**Required action**
Once the line containing "L'inspire Inspiration Self" is located in the records below, repeat it and all lines that follow it exactly, leaving out any picture.

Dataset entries
:::::
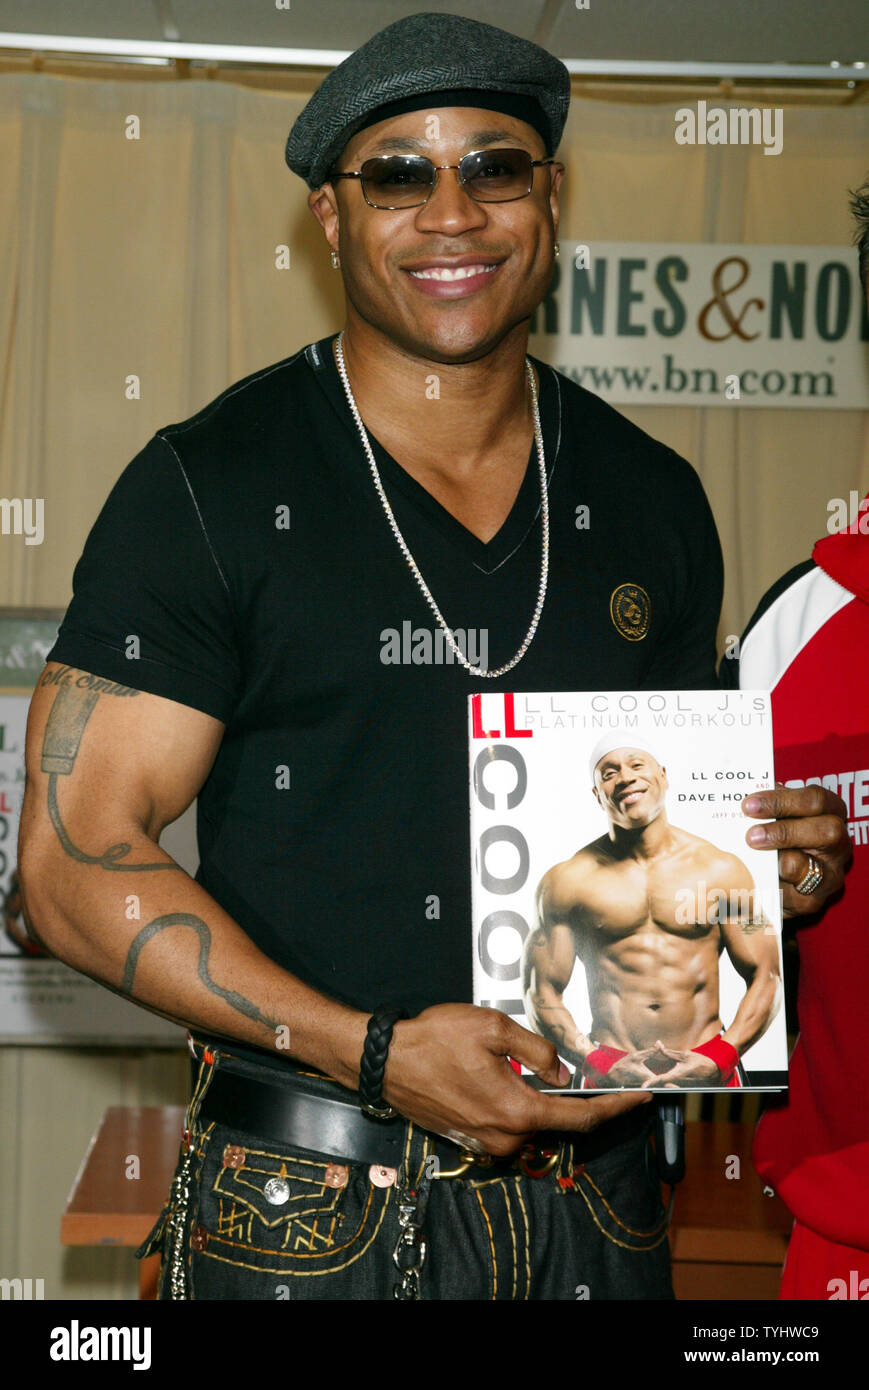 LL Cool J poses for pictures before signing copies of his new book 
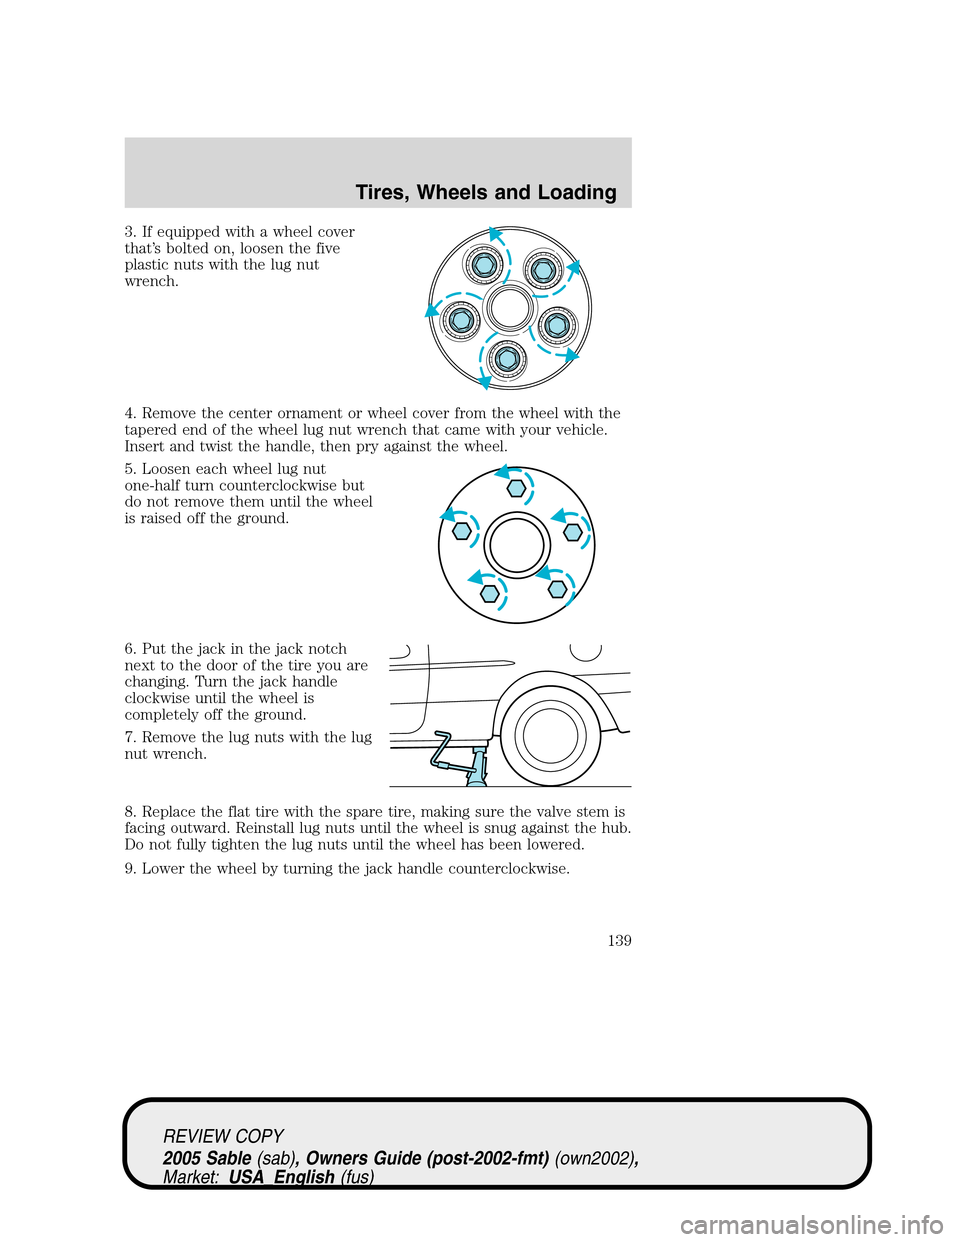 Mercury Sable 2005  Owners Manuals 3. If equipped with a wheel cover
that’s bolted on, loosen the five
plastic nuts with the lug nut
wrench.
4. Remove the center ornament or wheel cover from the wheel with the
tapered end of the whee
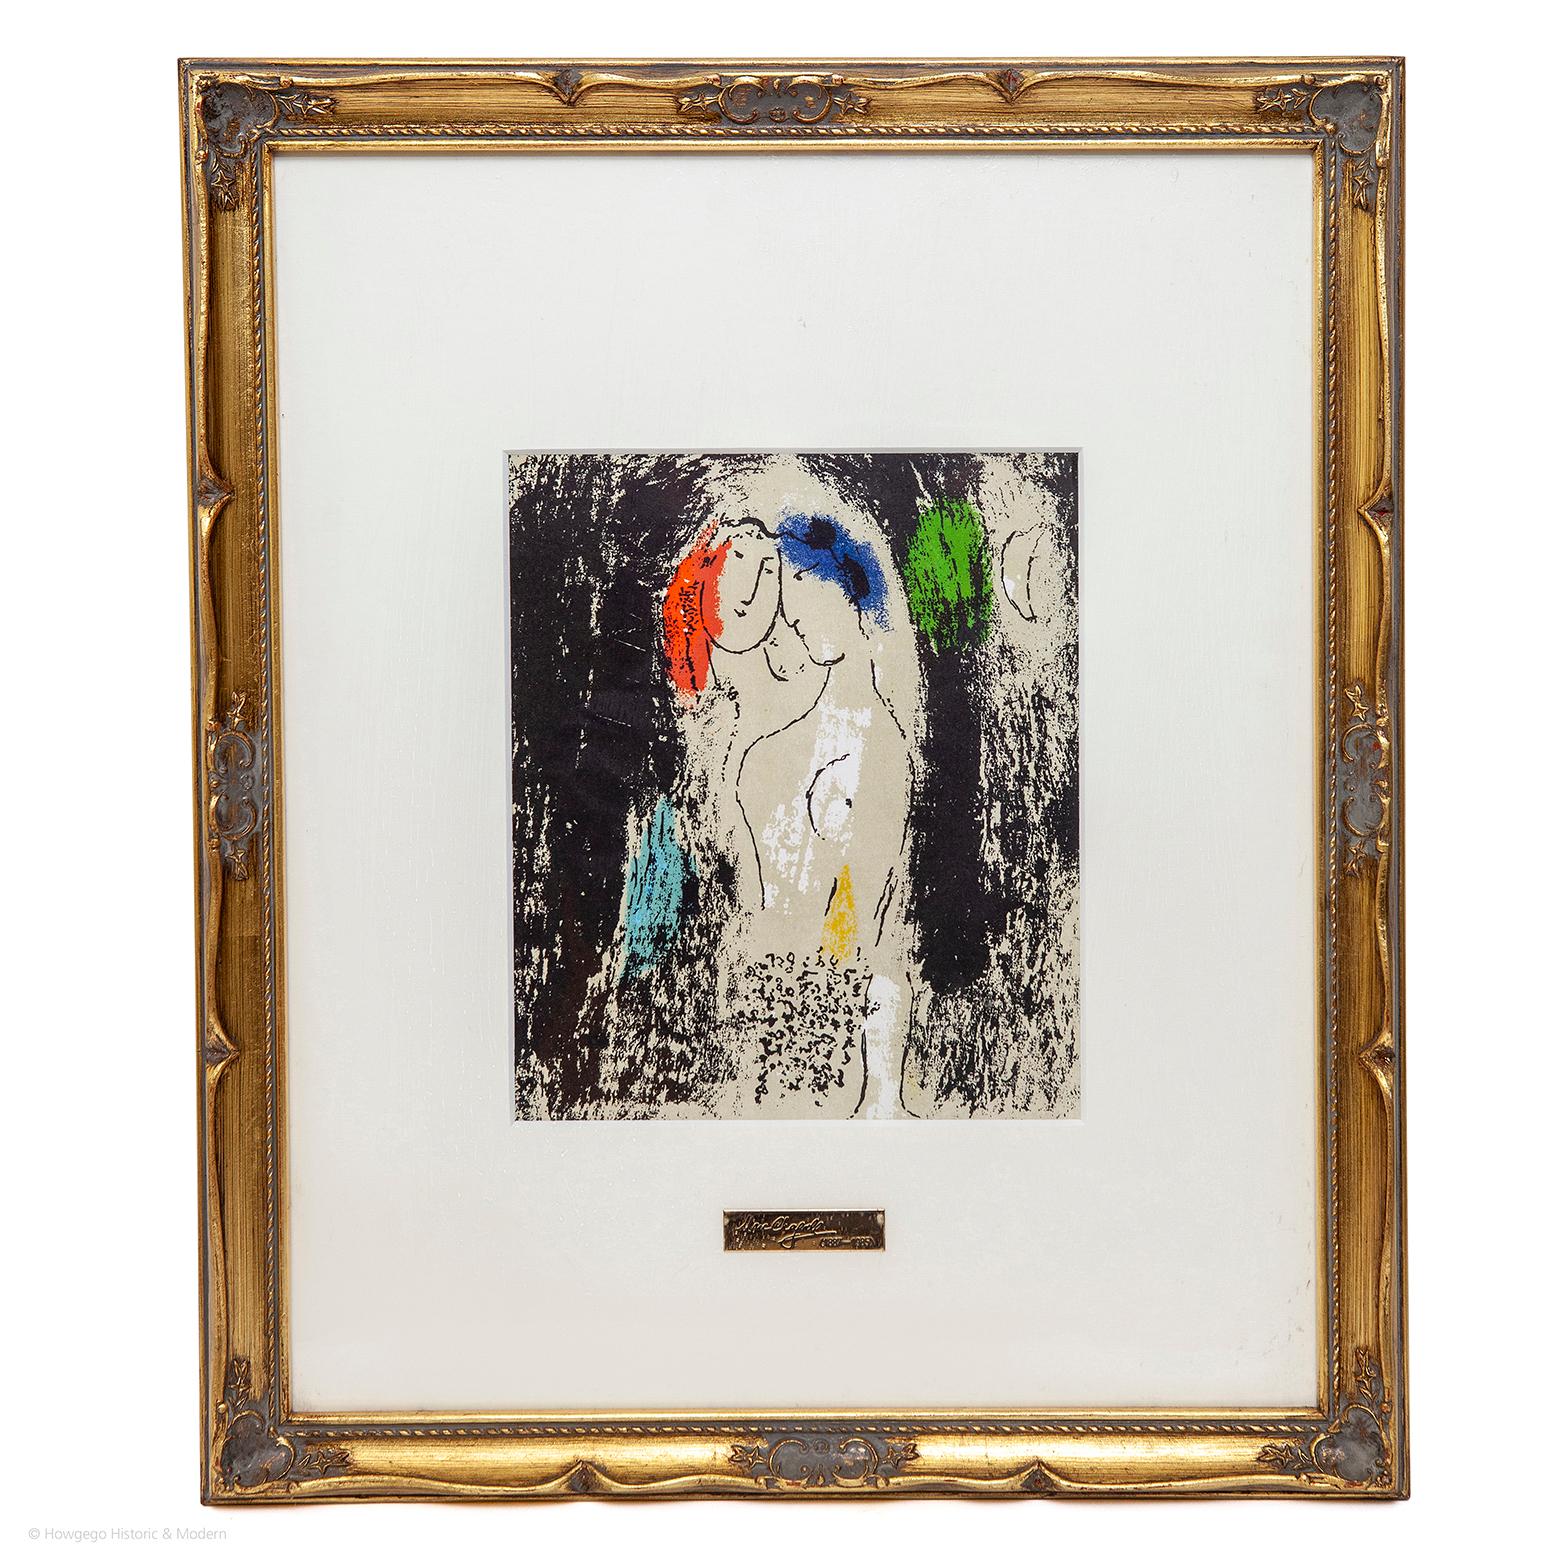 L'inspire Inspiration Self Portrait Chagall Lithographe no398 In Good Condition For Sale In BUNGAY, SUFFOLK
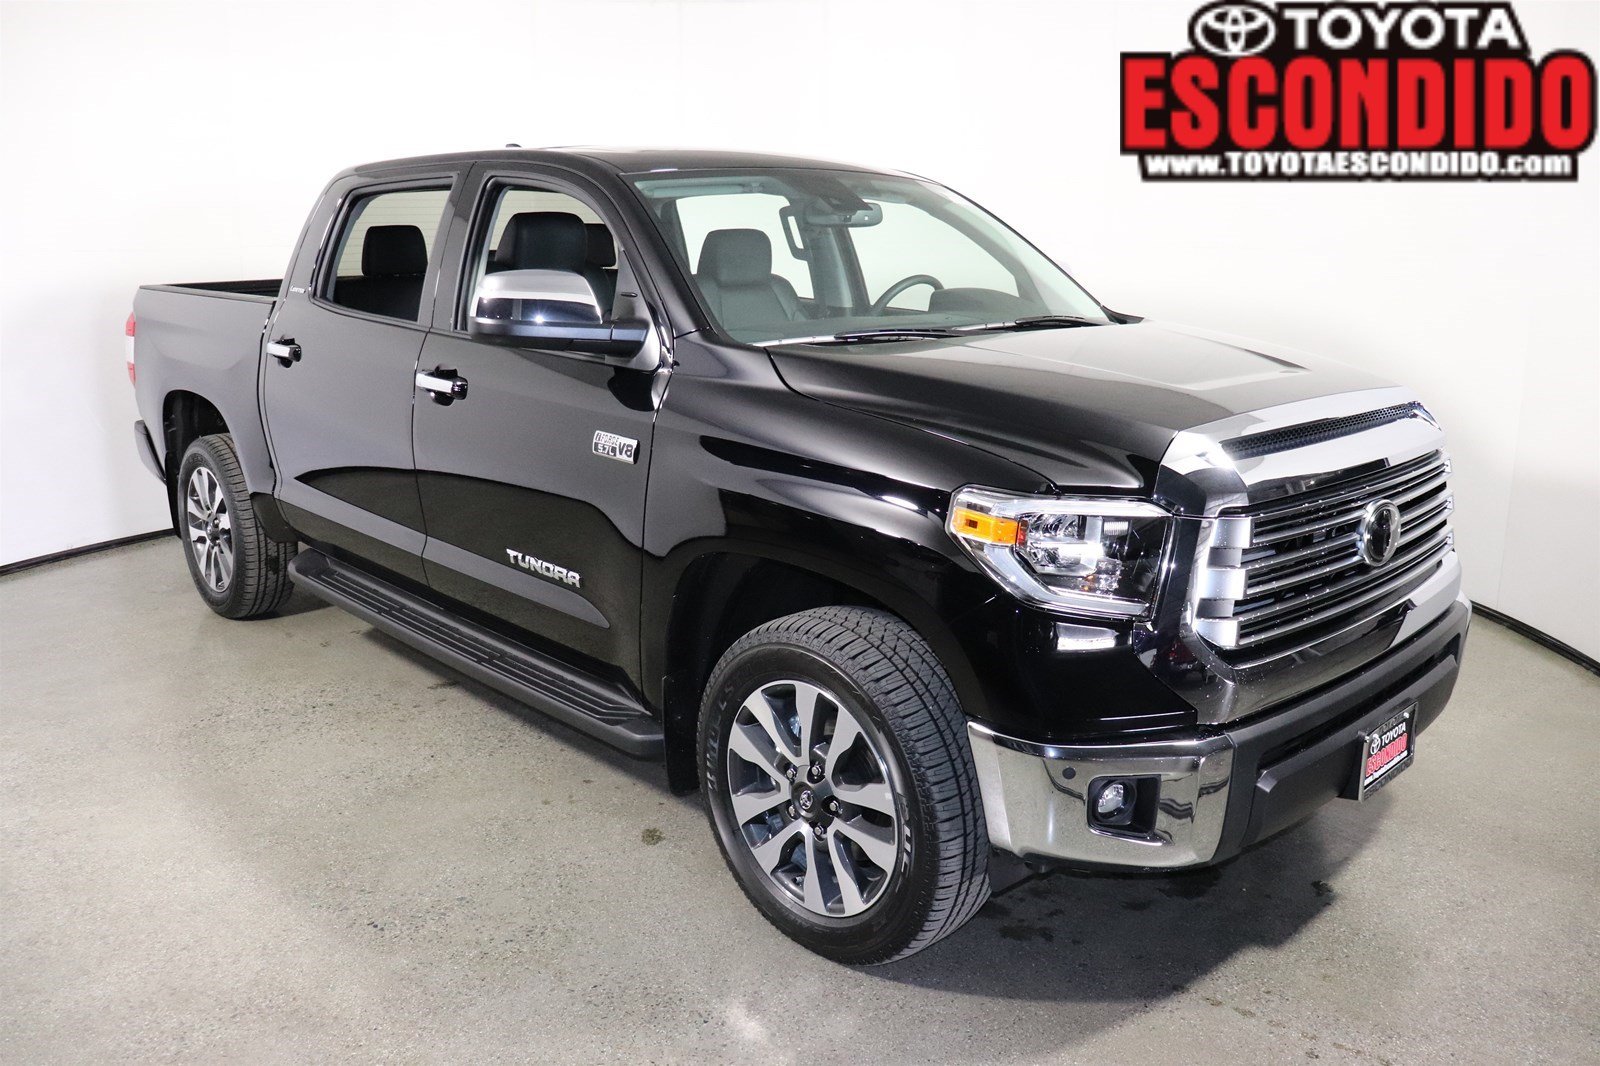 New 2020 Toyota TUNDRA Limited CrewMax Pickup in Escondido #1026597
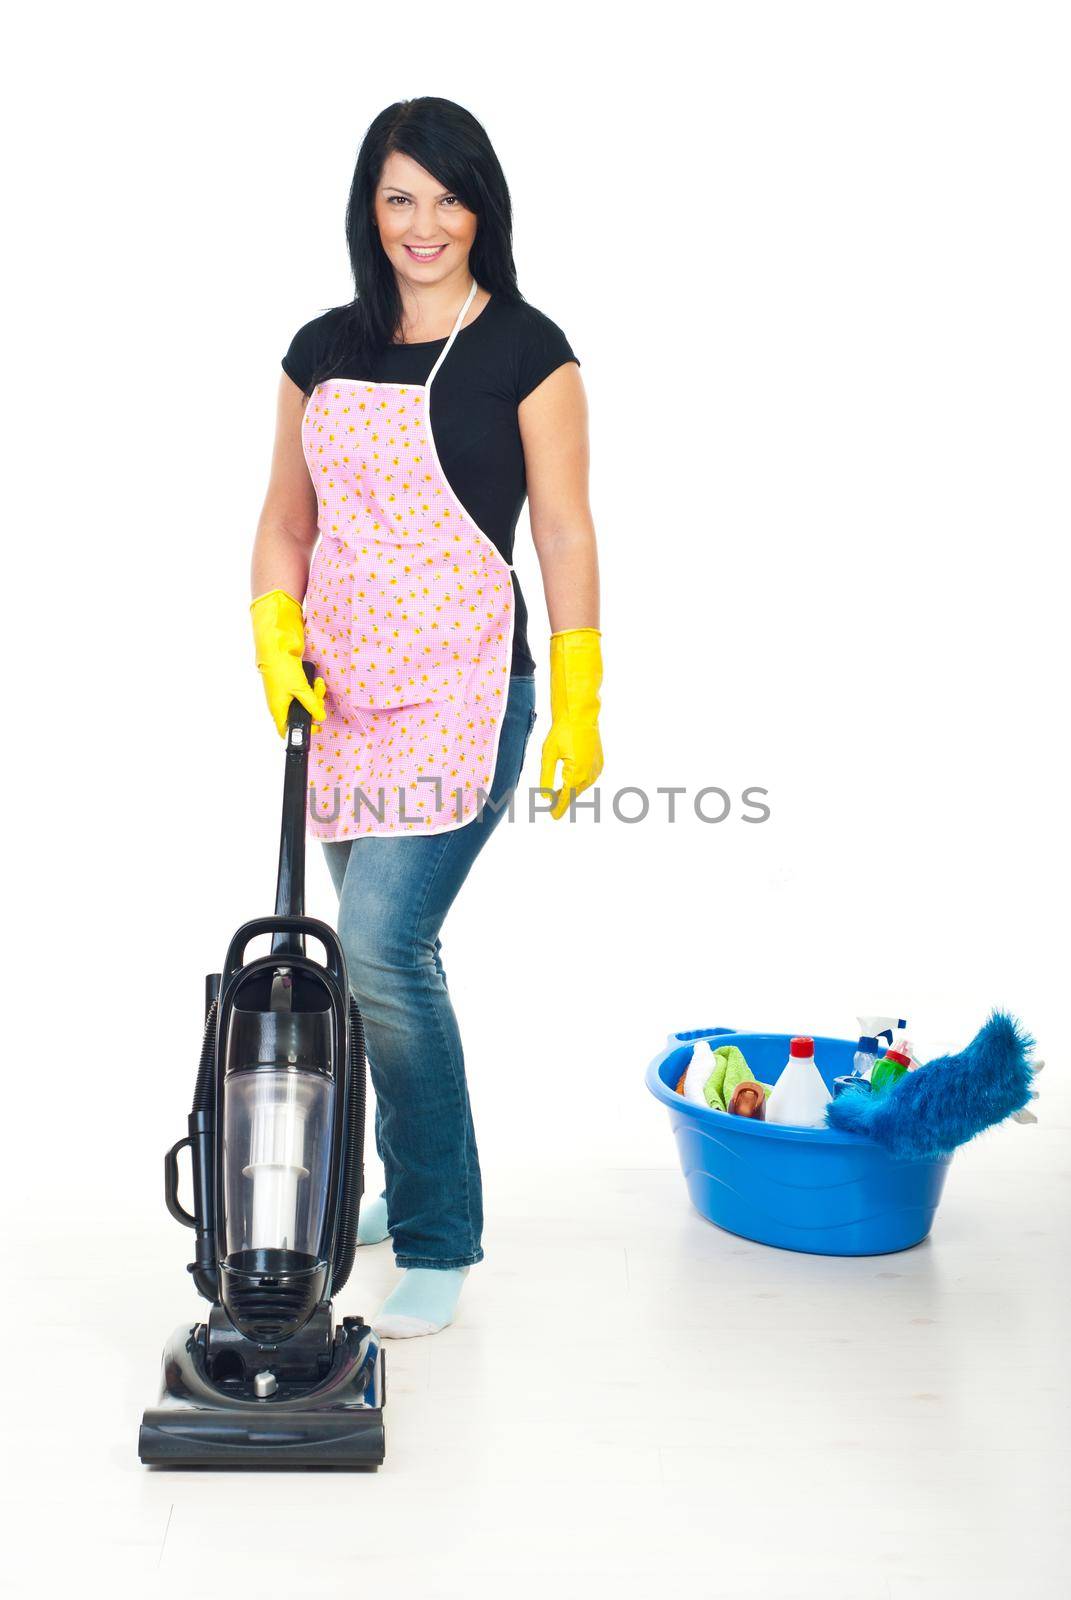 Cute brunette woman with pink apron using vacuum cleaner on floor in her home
:::::
**Expected answer**
 L'inspire Inspiration Self Portrait Chagall Lithographe no398 In Good Condition For Sale In BUNGAY, SUFFOLK
 New 2020 Toyota TUNDRA Limited CrewMax Pickup in Escondido #1026597
 Cute brunette woman with pink apron using vacuum cleaner on floor in her home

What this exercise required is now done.